Established in 1999, Genmab is headquartered in Copenhagen, Denmark, with a global presence spanning North America, Europe, and Asia Pacific. Further information can be found at Genmab.com, and you can follow the company on LinkedIn and X.

This Media Release contains forward looking statements. The words “believe,” “expect,” “anticipate,” “intend” and “plan” and similar expressions identify forward looking statements. Actual results or performance may differ materially from any future results or performance expressed or implied by such statements. The important factors that could cause our actual results or performance to differ materially include, among others, risks associated with preclinical and clinical development of products, uncertainties related to the outcome and conduct of clinical trials including unforeseen safety issues, uncertainties related to product manufacturing, the lack of market acceptance of our products, our inability to manage growth, the competitive environment in relation to our business area and markets, our inability to attract and retain suitably qualified personnel, the unenforceability or lack of protection of our patents and proprietary rights, our relationships with affiliated entities, changes and developments in technology which may render our products or technologies obsolete, and other factors. For a further discussion of these risks, please refer to the risk management sections in Genmab’s most recent financial reports, which are available on www.genmab.com and the risk factors included in Genmab’s most recent Annual Report on Form 20-F and other filings with the U.S. Securities and Exchange Commission (SEC), which are available at www.sec.gov. Genmab does not undertake any obligation to update or revise forward looking statements in this Media Release nor to confirm such statements to reflect subsequent events or circumstances after the date made or in relation to actual results, unless required by law.

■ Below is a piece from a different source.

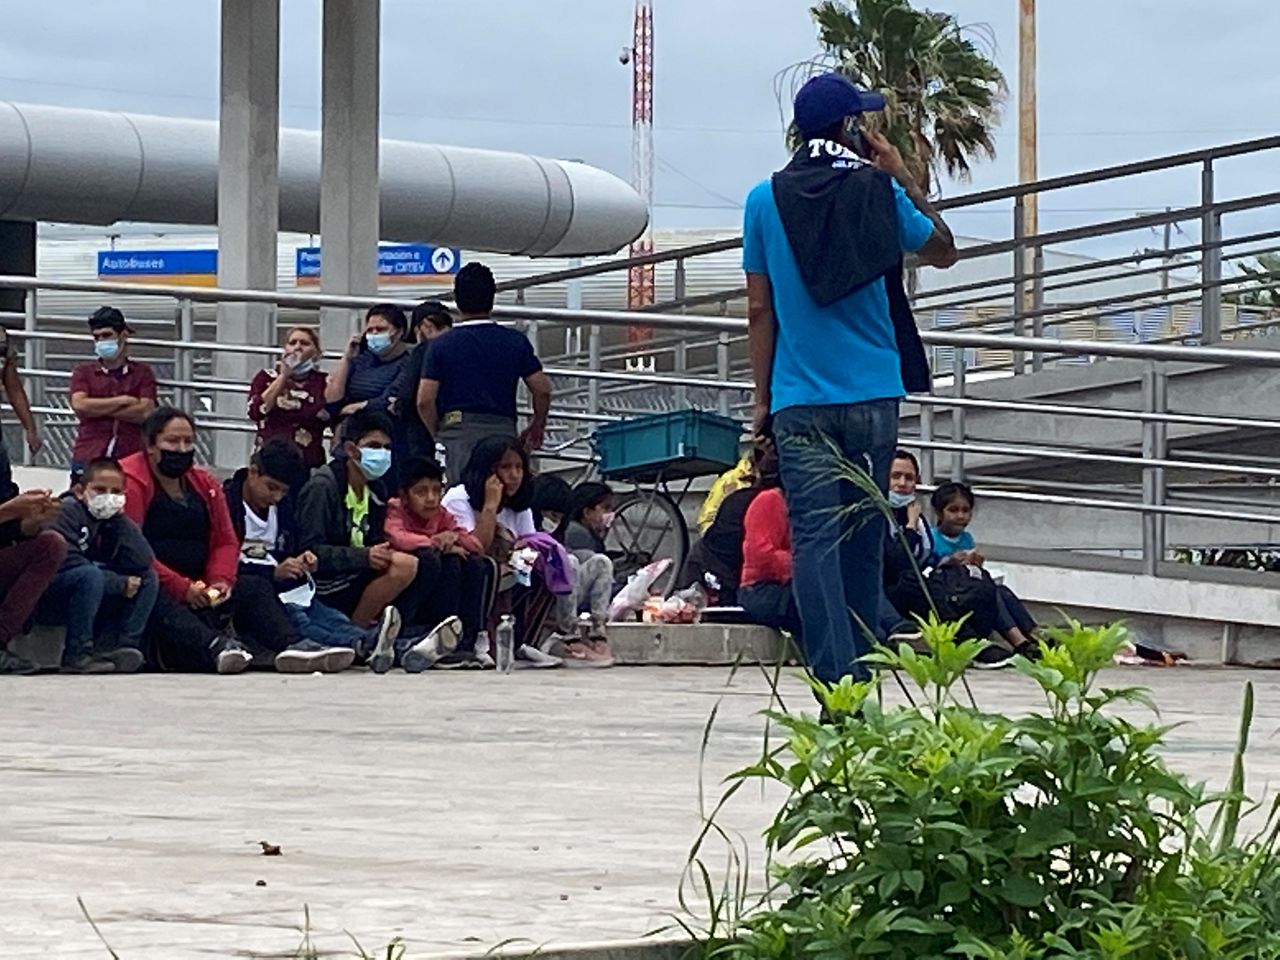 Migrants sit on the stairs of the Mexican customs facility after being expelled to Mexico. (Spectrum News 1/Adolfo Muniz)
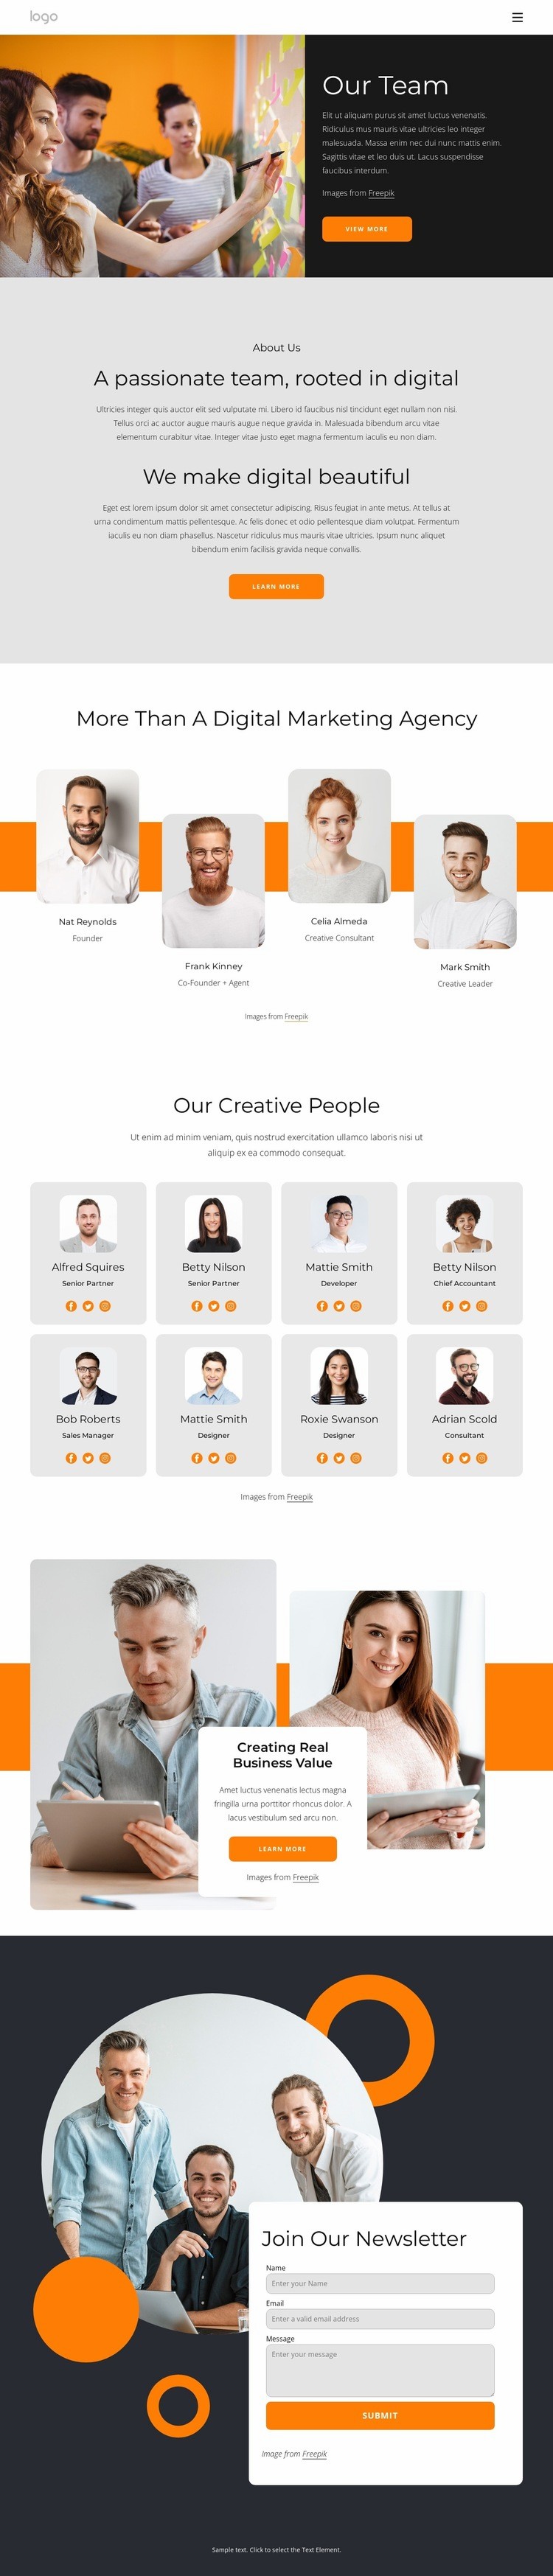 We are creative people with big dreams Elementor Template Alternative

Genmab A/S and/or its subsidiaries own the following trademarks: Genmab^®; the Y-shaped Genmab logo^®; Genmab in combination with the Y-shaped Genmab logo^®; HuMax^®; DuoBody^®; HexaBody^®; DuoHexaBody^®, HexElect^® and KYSO™. EPCORE^®, EPKINLY^®, TEPKINLY^® and their designs are trademarks of AbbVie Biotechnology Ltd.

ⁱ Engelberts PJ, et al. DuoBody-CD3xCD20 Induces Potent T-Cell-Mediated Killing of Malignant B Cells in Preclinical Models and Provides Opportunities for Subcutaneous Dosing. EBioMedicine. 2020;52:102625. doi: 10.1016/j.ebiom.2019.102625.